§ **Information shown**
===============
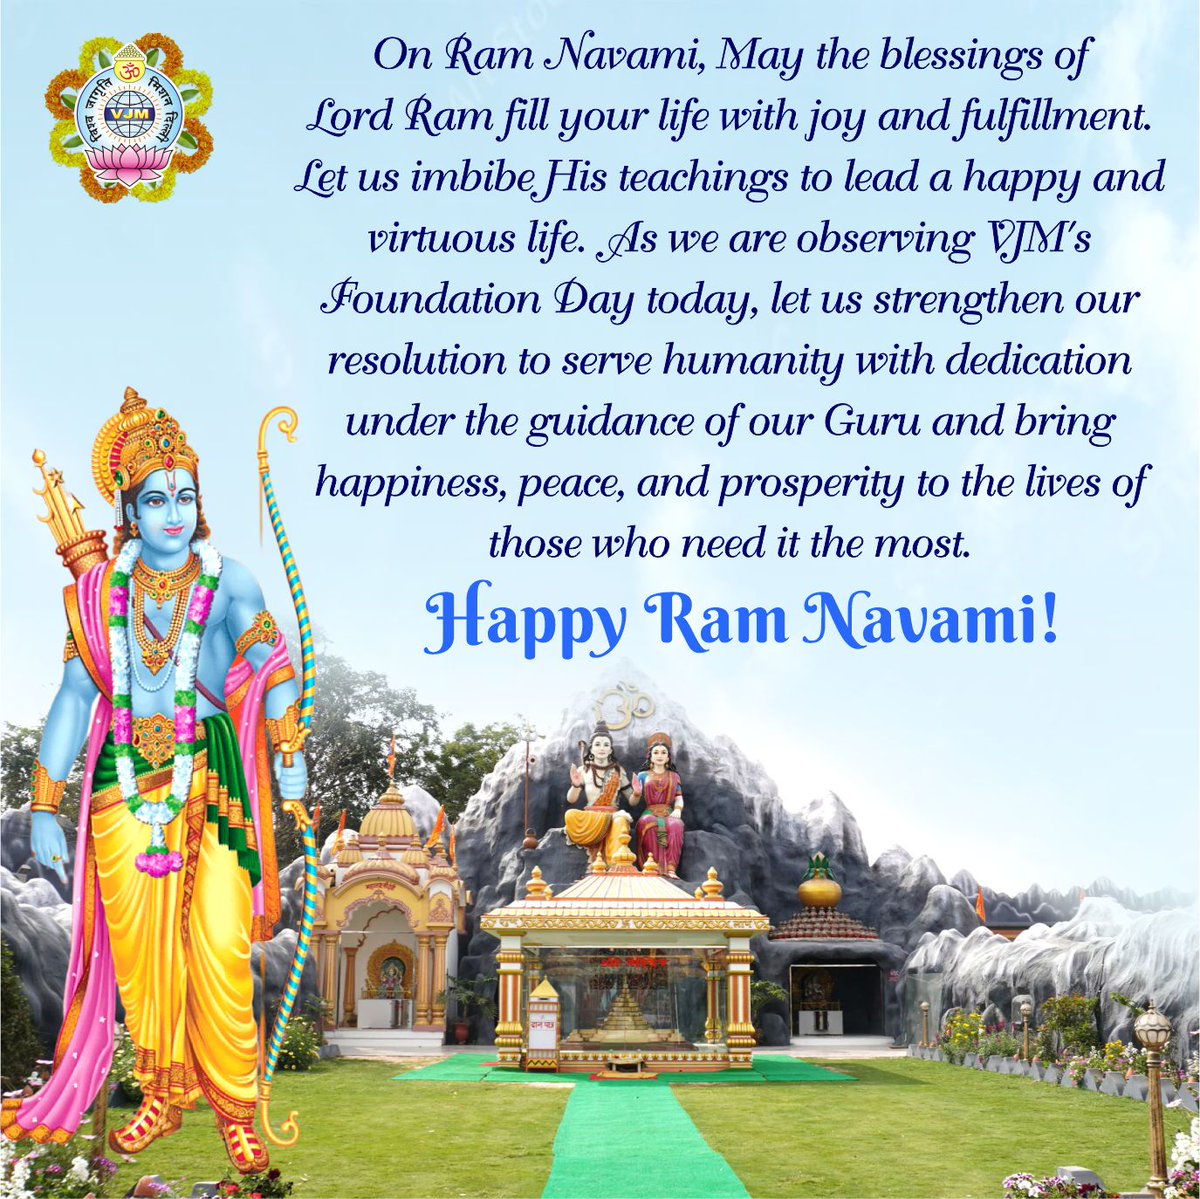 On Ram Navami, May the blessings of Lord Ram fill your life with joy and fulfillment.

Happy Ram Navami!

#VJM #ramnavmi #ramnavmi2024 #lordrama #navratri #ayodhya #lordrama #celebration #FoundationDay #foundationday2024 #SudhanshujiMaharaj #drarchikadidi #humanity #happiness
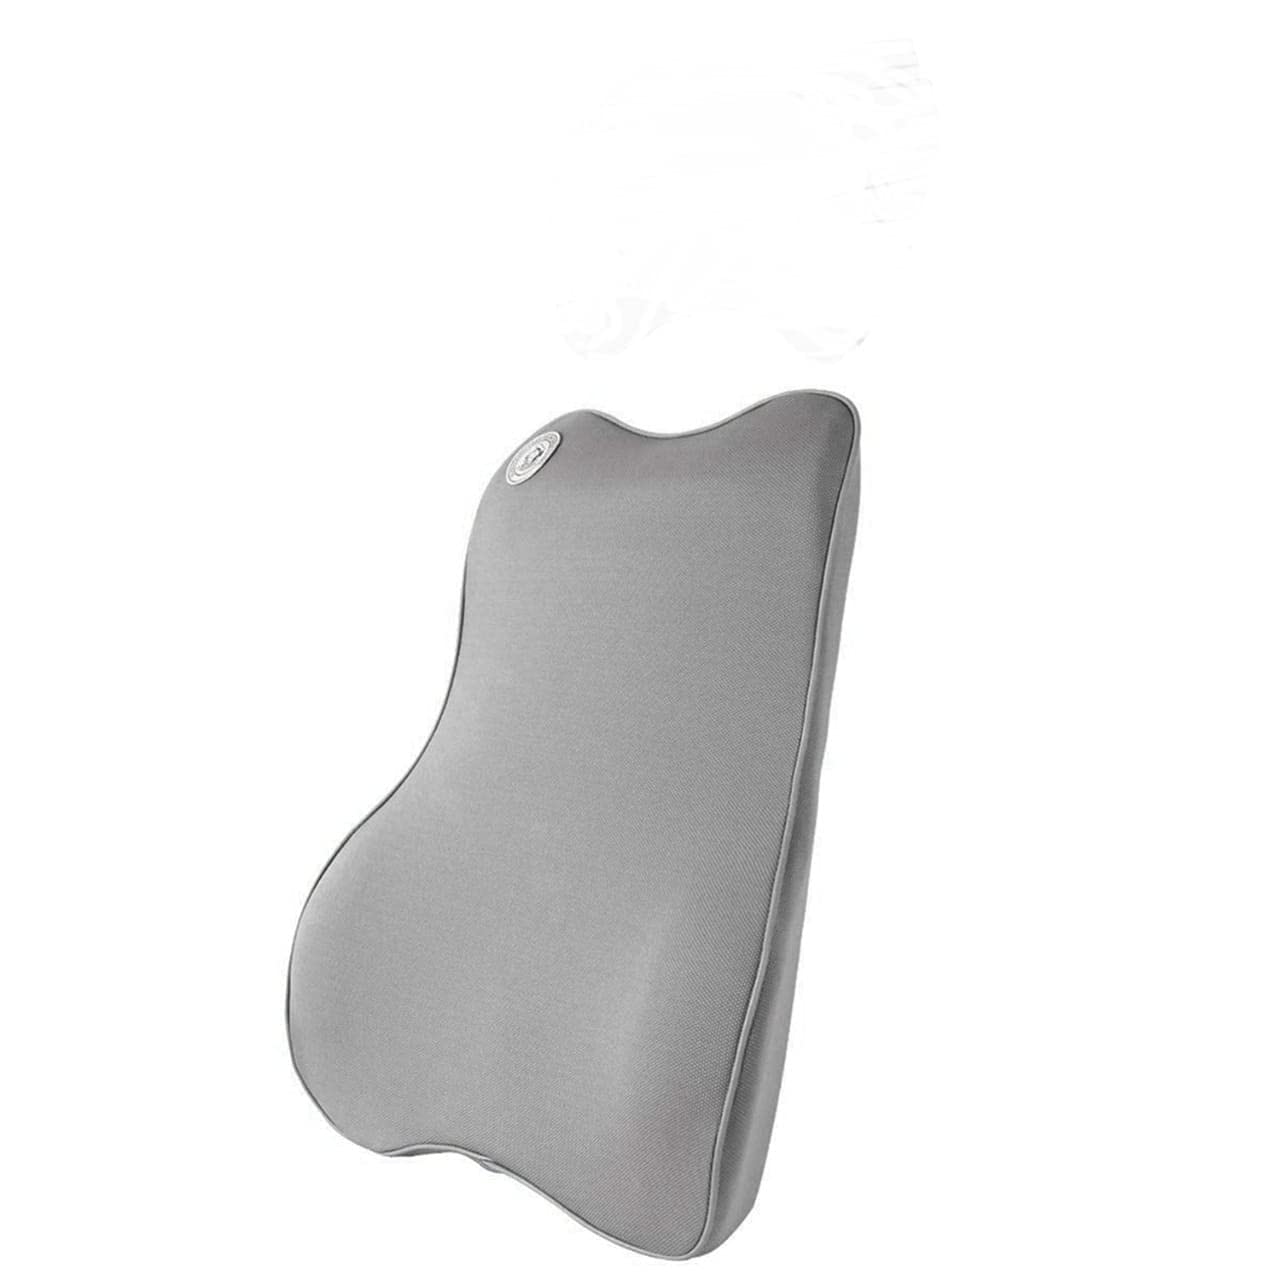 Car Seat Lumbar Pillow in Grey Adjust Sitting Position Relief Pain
===============
§ **Aim of the task**
Please write the material out again exactly as shown above, minus any pictures.

§ **Answer section**
 On Ram Navami, May the blessings of Lord Ram fill your life with joy and fulfillment.

Happy Ram Navami!

#VJM #ramnavmi #ramnavmi2024 #lordrama #navratri #ayodhya #lordrama #celebration #FoundationDay #foundationday2024 #SudhanshujiMaharaj #drarchikadidi #humanity #happiness
 Car Seat Lumbar Pillow in Grey Adjust Sitting Position Relief Pain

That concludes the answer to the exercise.